SOURCE DATA –
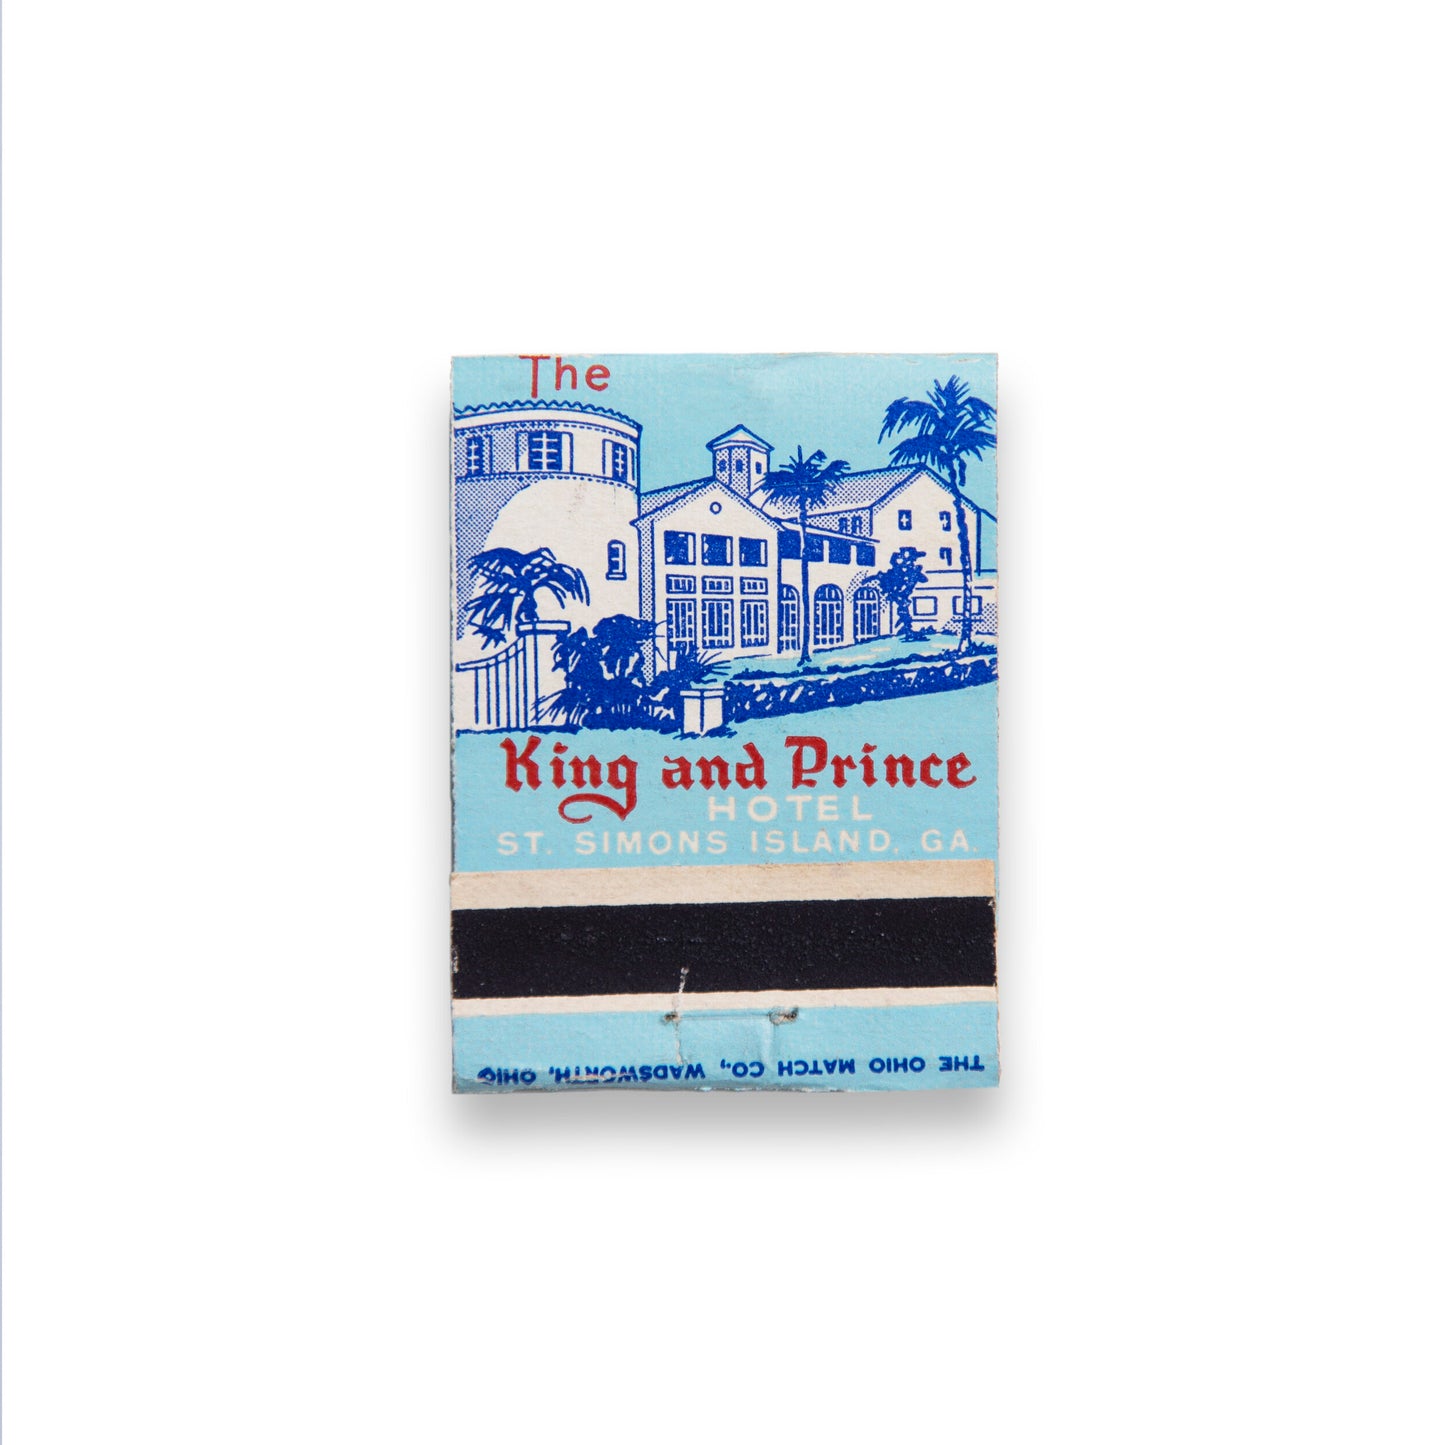 The King and Prince Hotel
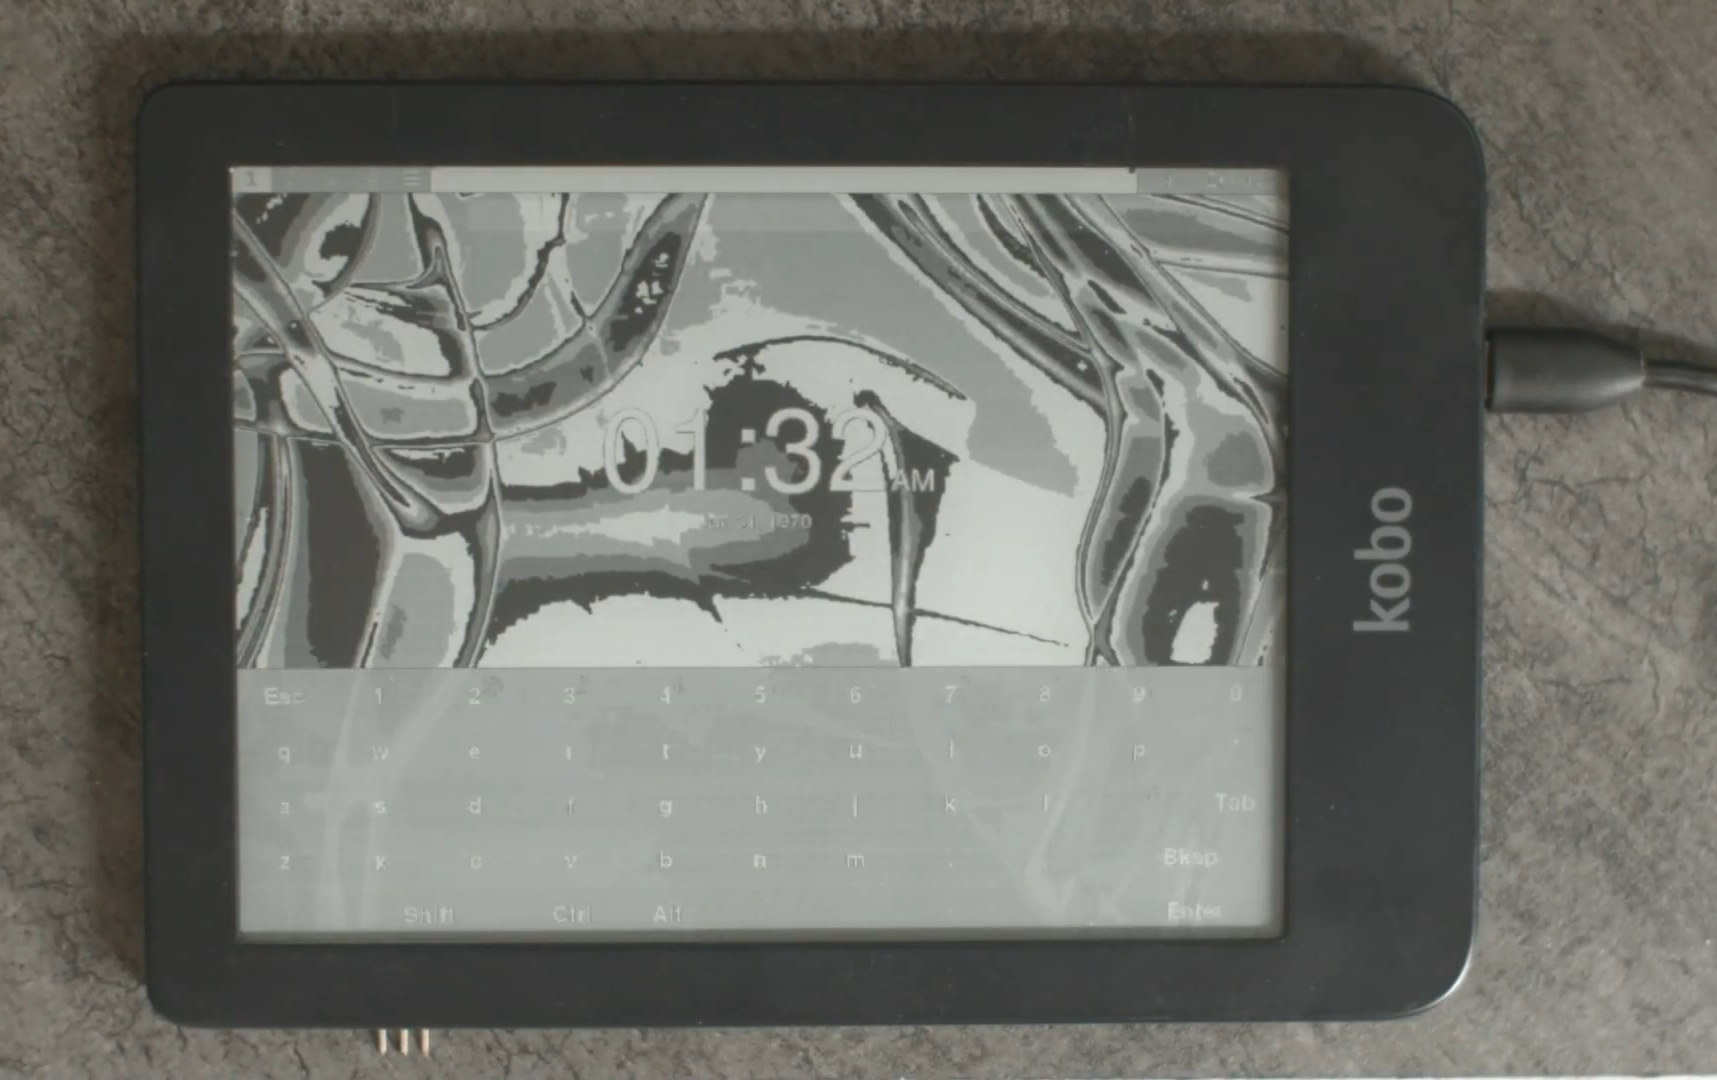 Kobo Clara HD becomes an E Ink Linux tablet with the help of
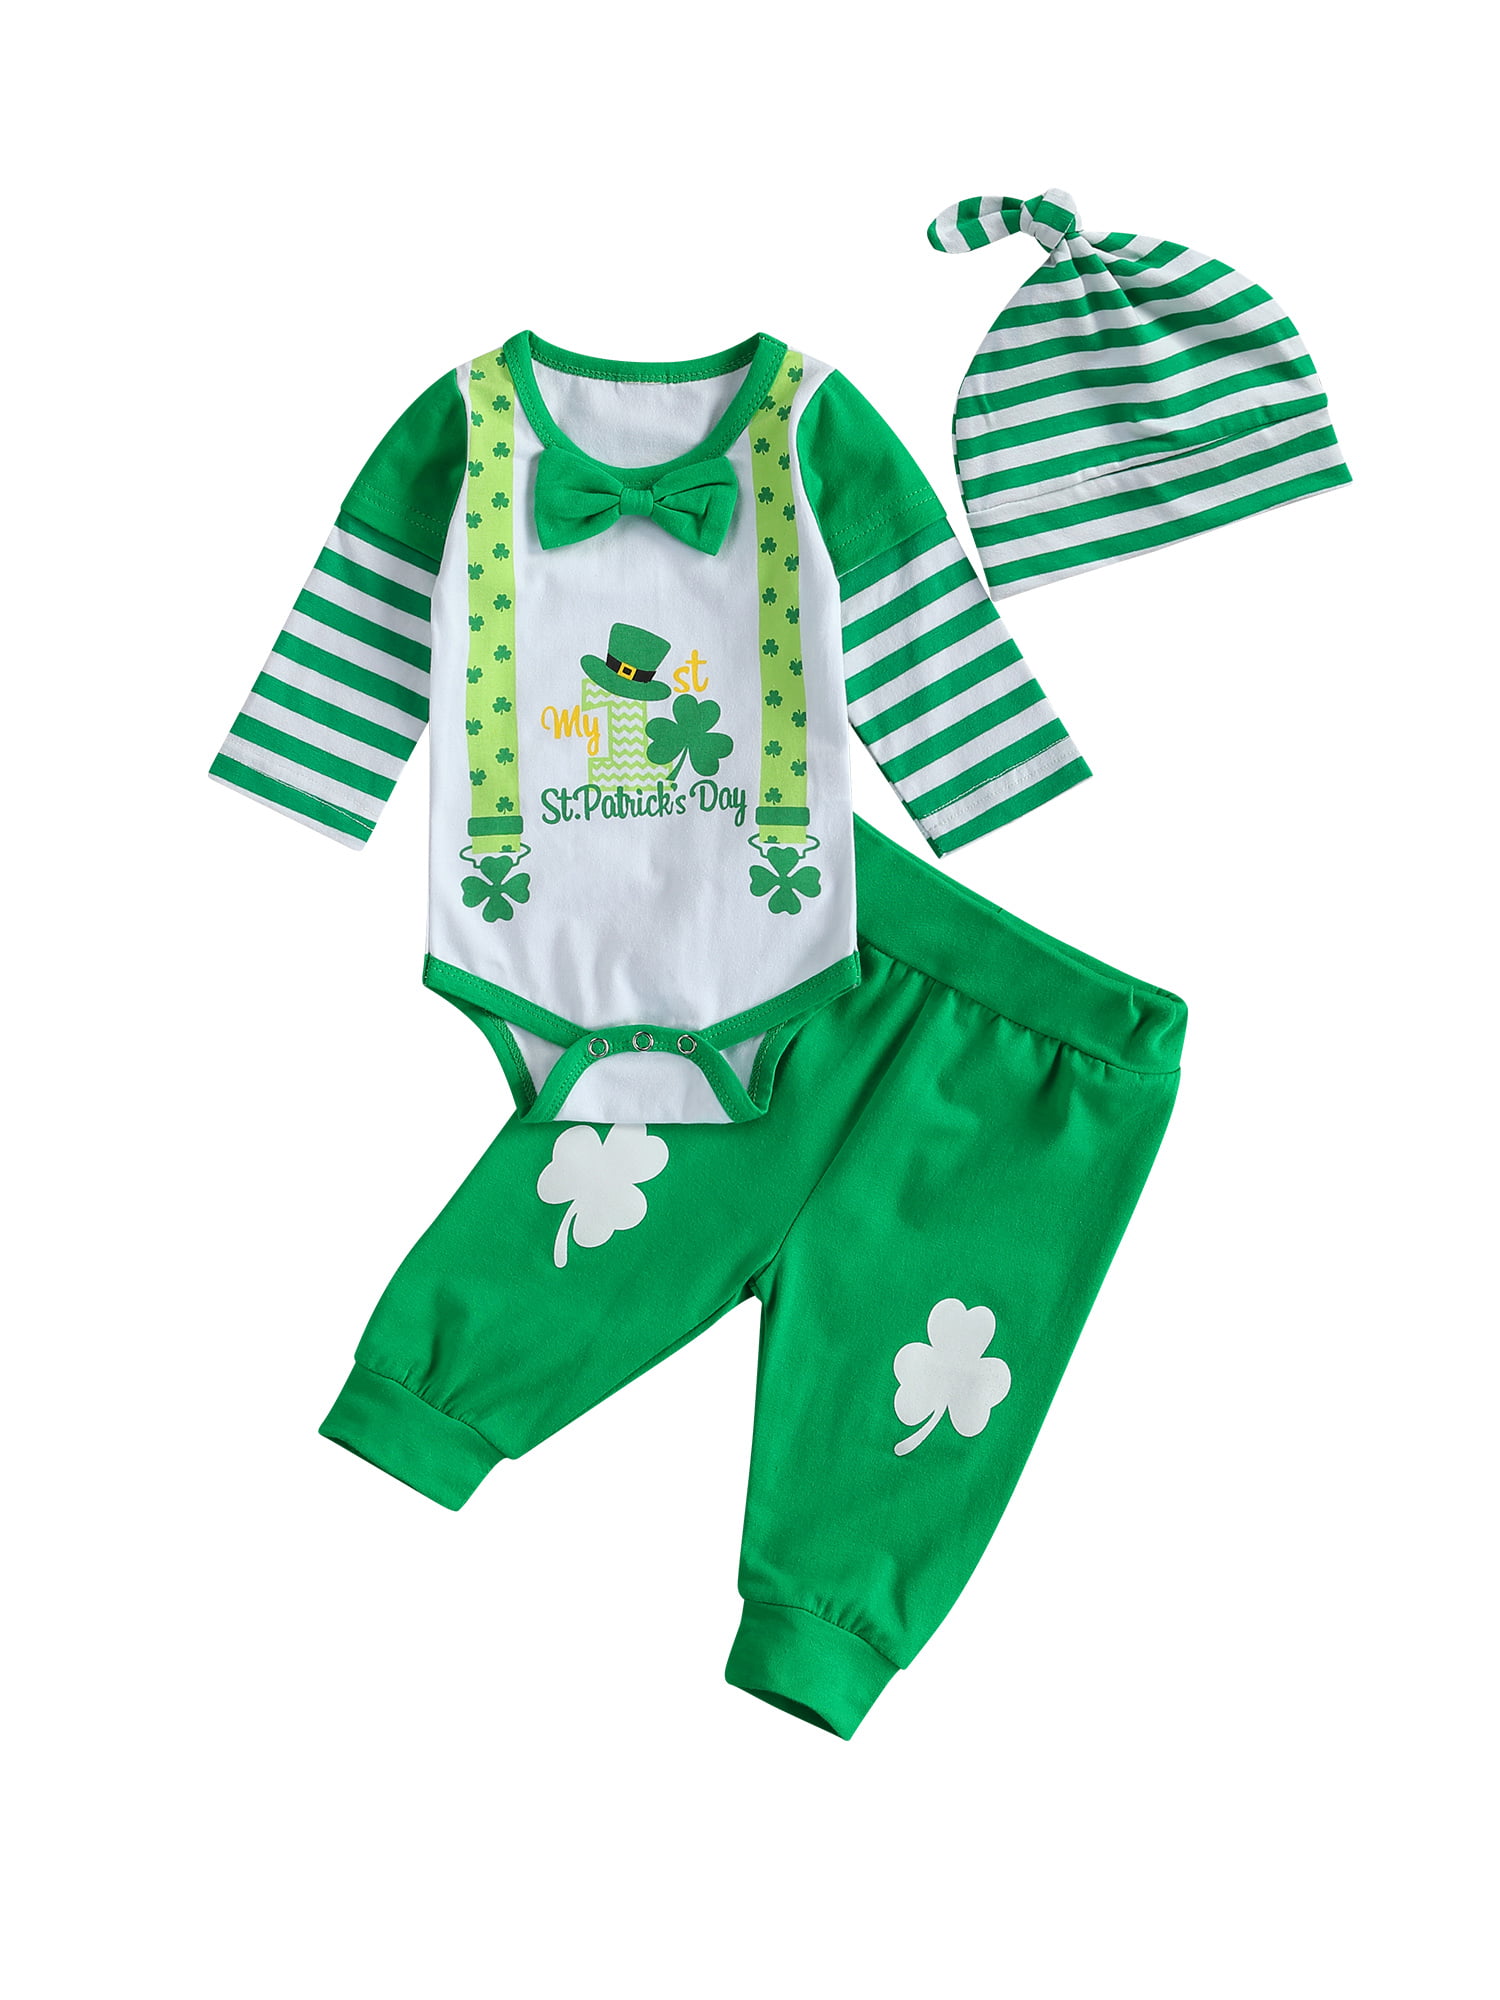 Patricks Day Baby Boy Girl Clover Clothes Set Bodysuit Pants Hat Newborn Gentleman Outfits 3PC My First St

PROBLEM REQUIREMENTS –
After locating the line that contains "Kobo Clara HD", output it and all later lines through the end of the material exactly, leaving out pictures.

SOLUTION TO THE EXERCISE –
 Kobo Clara HD becomes an E Ink Linux tablet with the help of
 Patricks Day Baby Boy Girl Clover Clothes Set Bodysuit Pants Hat Newborn Gentleman Outfits 3PC My First St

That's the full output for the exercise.